What the Labels on Chicken at the Grocery Store Really Mean—and Which You Actually Need to Pay Attention To

Roasted Chicken with Celery Root and Onion
Roasted Chicken with Celery Root and Onion

Romulo Yanes

Chicken is economical and endlessly versatile, whether it's a sheet-pan chicken dish for an easy weeknight meal, or a chicken fricassee that's so beautifully made it's sure to impress your in-laws. The point is, a tasty chicken meal can be as simple or as complicated as you want. What should never be difficult is shopping for chicken, but all the packaging labels (from organic to free-range and beyond) can quickly complicate the situation. To simplify your next trip to the market, we've decoded what all the terms on chicken packaging mean in a handy cheat sheet.

The Terms You'll See on Chicken at the Grocery Store

Here we're explaining the terms you might find on chicken parts and whole chickens at your local supermarket. Our guide breaks down which are important and why you'll want to pay attention to them, and which labels you can and should ignore.

Animal Welfare Approved

Keep an eye out for this label as it tells you how farms treat chickens. Overseen by the nonprofit A Greener World (AGW), the Certified Animal Welfare Approved (AWA) label, which you'll mostly find on chickens from small, independent farms, means animals have continuous access to the outdoors and never confined to small cages. Chickens get to be chickens and peck around as much as they like. It also prohibits feedlots, hormones, and preventative or growth-promoting antibiotics and ensures that the transport and slaughter processes meet high-animal welfare standards too.

Related: How to Shop for Eggs

Antibiotic-Free/Raised Without Antibiotics

You'll also want to look for this label. It means that the chickens are raised without antibiotics or animal byproducts. This matters as antibiotics in meat production are one of the leading causes of resistant bacteria—and antibiotic resistance is "one of the biggest threats to global health," according to the World Health Organization.

Farm Raised

This means your chicken was raised on a farm, which basically all chickens are.

Free-Range

While labeling chicken as free-range means the chickens had outdoor access, there are no specifications on how much outdoor access they had or the quality of that time outside so it's not a label to look for when you're shopping for chicken.

Hormone-Free/Raised Without Hormones

In the U.S., poultry producers are required by federal law to raise chickens without hormones—so this label is reassuring, but not too significant.

Humanely Raised/Humane Certified

Chicken with this label must meet specific standards for animal care and slaughter. The nonprofit organization Humane Farm Animal Care oversees the labels auditing farms to ensure chickens have access to nutritious food, skilled, knowledgeable, conscientious animal care, and more. However, Humane Farm Animal Care does not prohibit feedlots or require outdoor access for chickens.

Organic

Regulated by the USDA's National Organic Program since 2002, all food labeled USDA Organic must be free of chemicals, most pesticides, sewage, sludge, and Genetically Modified Organisms (GMOs). When it comes to chickens, the label requires that birds are allowed year-round access to the outdoors, fed organic feed, and are not given drugs, antibiotics, and hormones.

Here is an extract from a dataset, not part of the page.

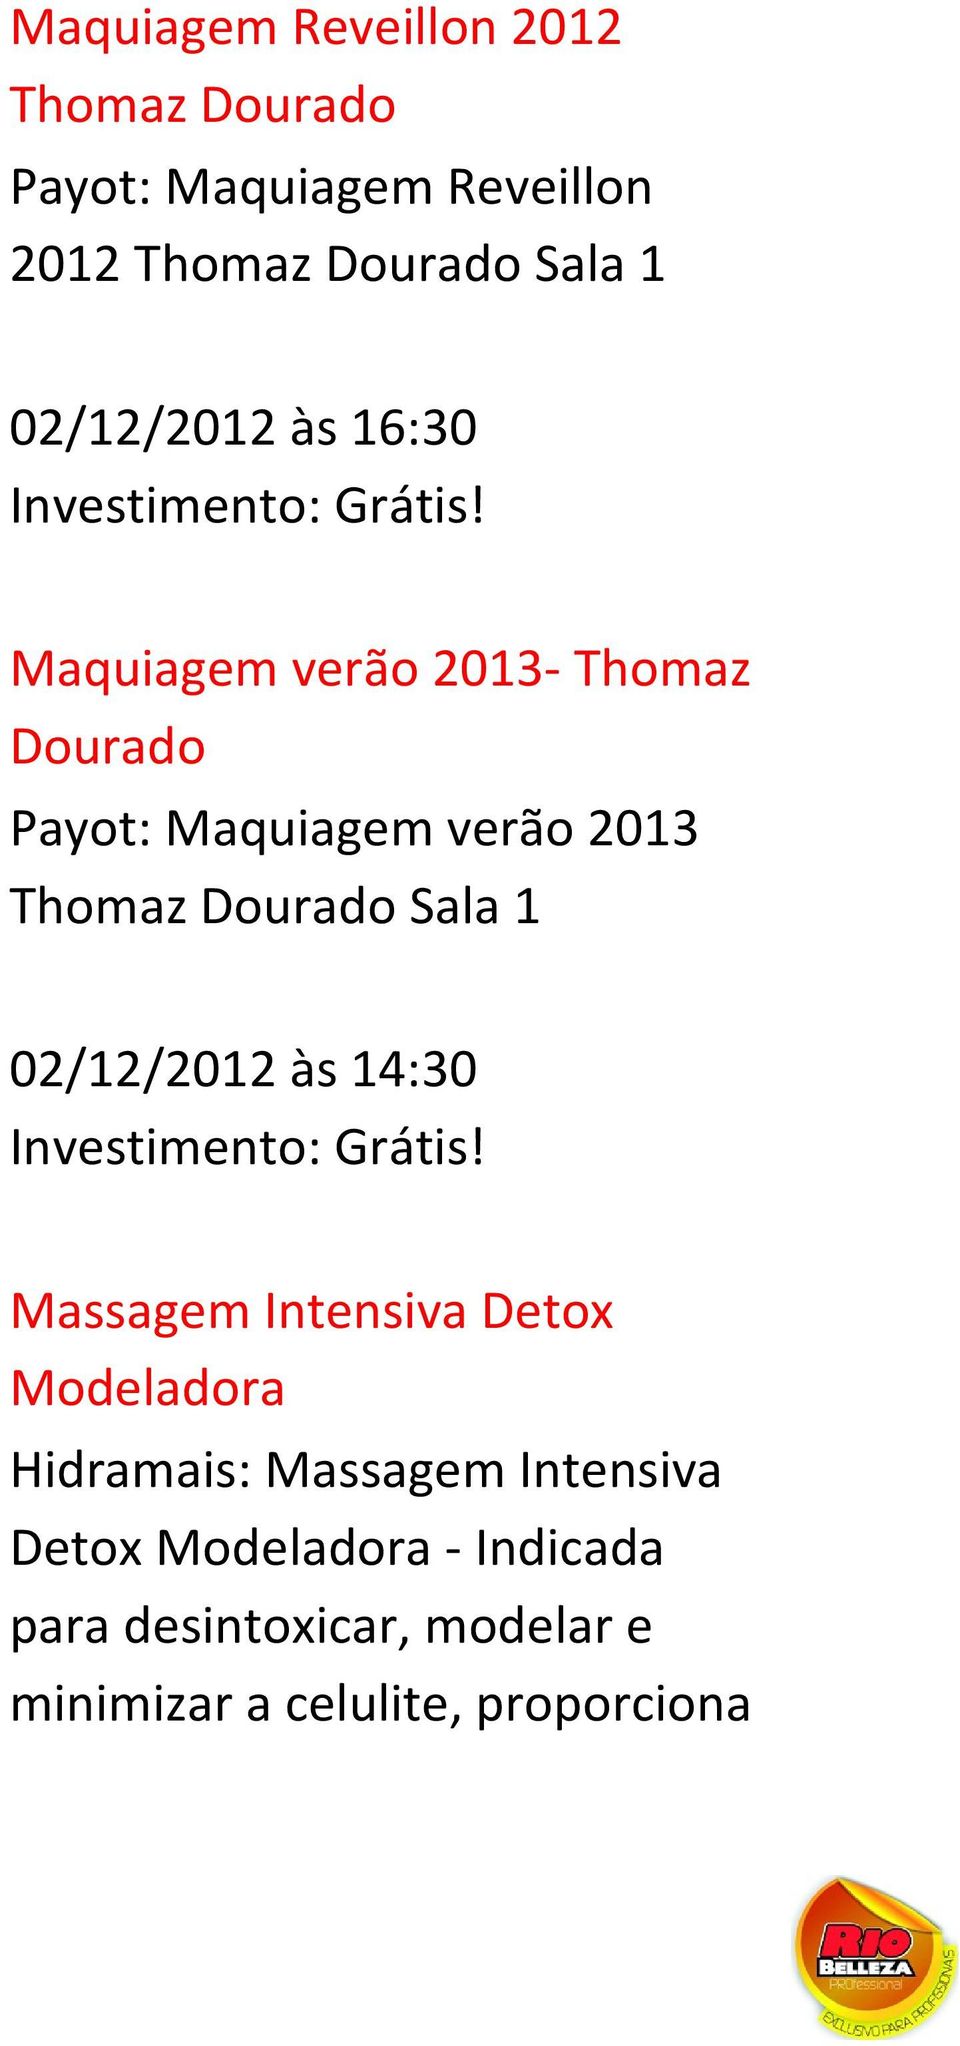 Dourado Sala 1 02/12/2012 às 14:30 Massagem Intensiva Detox Modeladora Hidramais: Massagem

Related: Beyond Organic, What Is Sustainable Food?

Natural

Labels that say "natural" on chicken generally mean that the chicken doesn't contain any colorings or preservatives, but it's a pretty meaningless term as there is no regulatory definition.

Non-GMO

This has become a popular label in recent years. The Non-GMO Project requires companies using this label to have a third-party administrator ensure their product contains less than 0.9 percent genetically modified (or engineered) organisms; basically, it means no material has been artificially manipulated in a lab. Keep in mind that organic and conventional products are eligible to be verified.

Pasture-Raised

This is a term to pay attention to, but also to be careful about as it's unregulated; make sure you're buying from a brand or farmer you trust. Pasture-raised birds basically live outdoors and use the access to shelter such as a barn at night. They have lots of room to roam and get to be chickens eating grass and seeds and other yummy stuff they would eat normally

Regenerative

A handful of organizations are working to create standards and labels around the term but at the moment there isn't one definition of what it means. The Regenerative Organic Alliance seal designed by Rodale Institute, Patagonia, and Dr. Bronner's, which includes a chicken producer certification, requires products to be organic and produced in a way that benefits farmers and promotes long-term soil health.

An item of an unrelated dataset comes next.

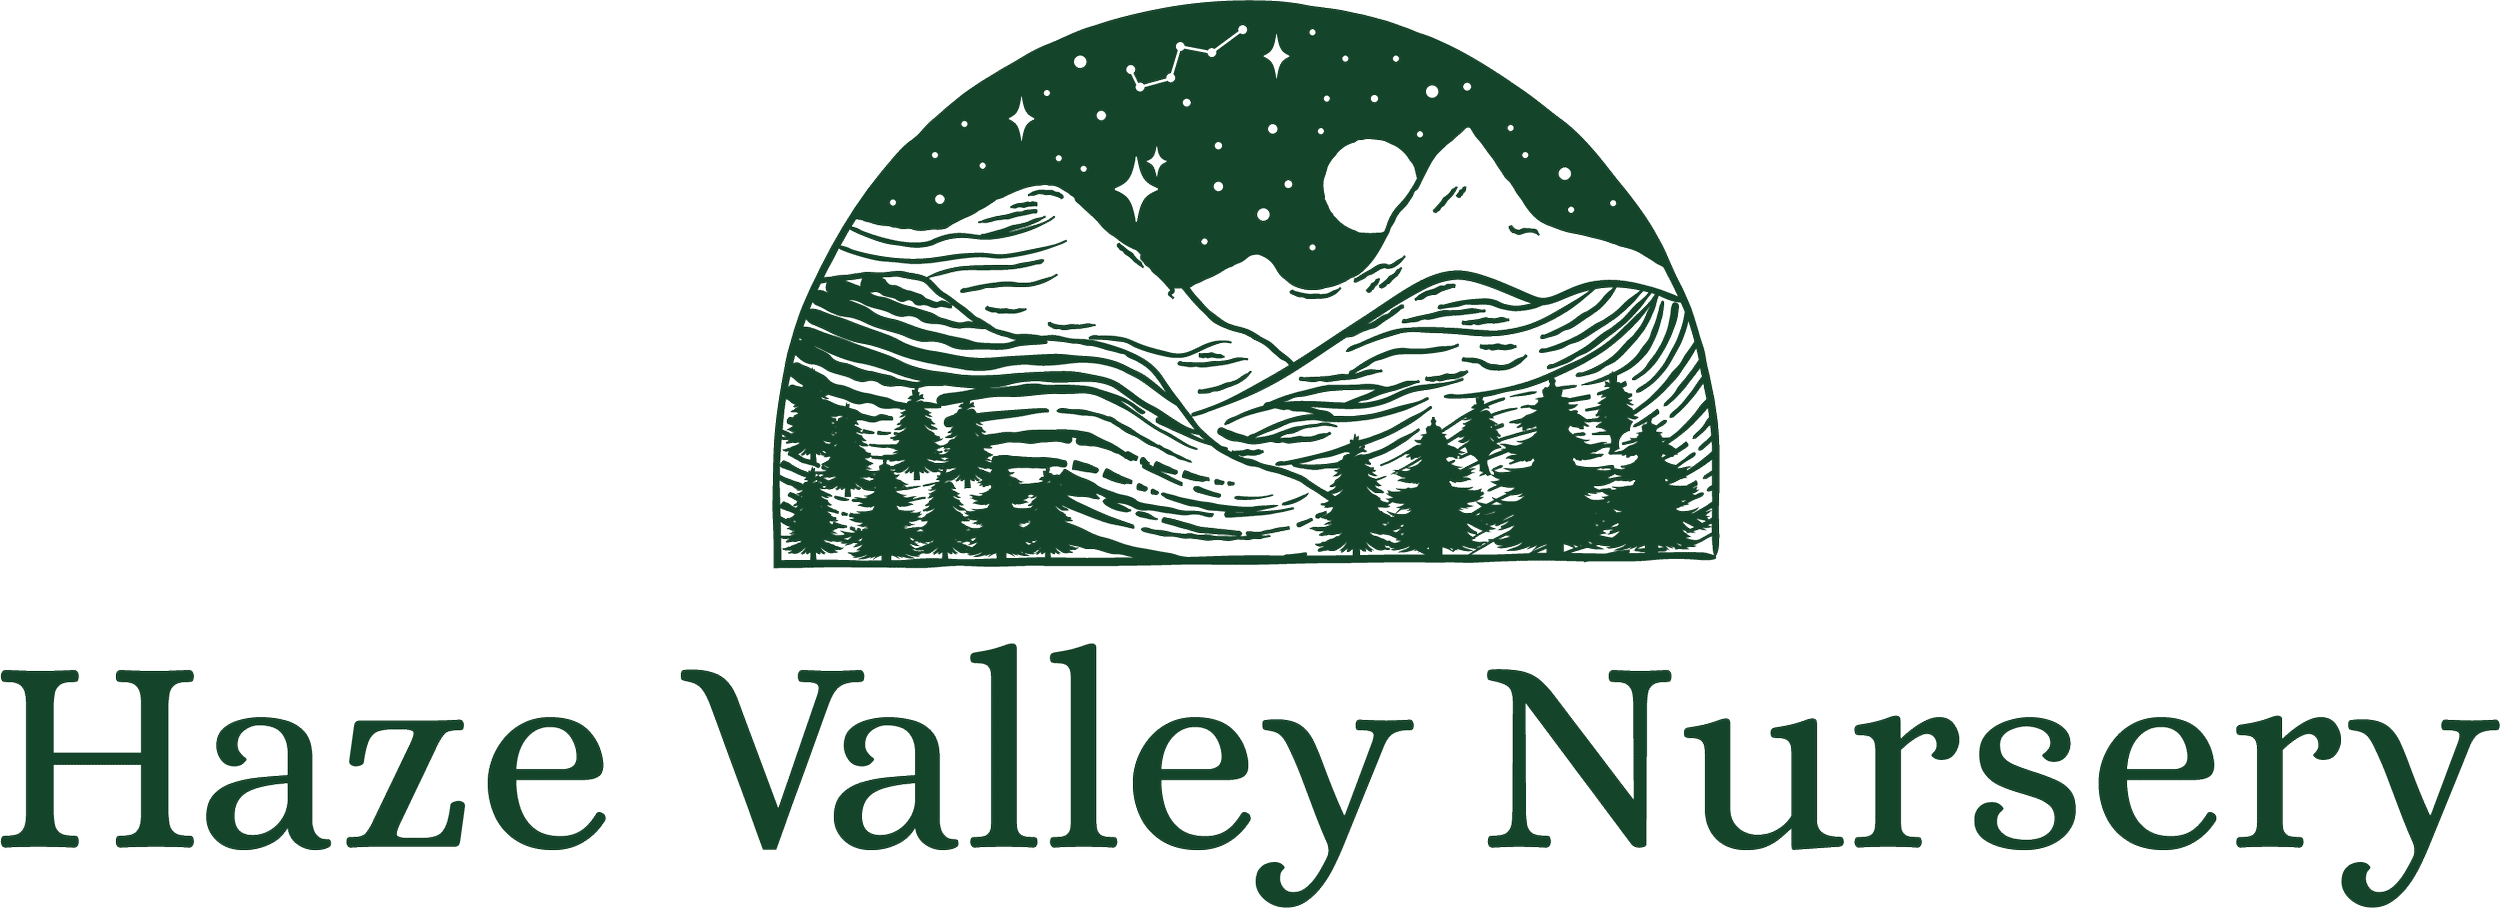 haze valley logo

100 Percent Vegetarian Diet

When you see this term on packaging it means the chicken was fed feed free from animal byproducts but it isn't that useful when you're trying to work out which chicken is best for your family. Chickens aren't vegetarians naturally. They eat insects, even mice, snakes, and frogs if the opportunity arises.

Which Chicken Should You Buy?

Buy the best chicken you can afford that meets your values. Whenever possible, buy from your local farmer or at a farmer's market where you can ask questions such as how the birds are raised, what they are fed, whether they have access to the outdoors, what that space looks like, and whether they were exposed to antibiotics.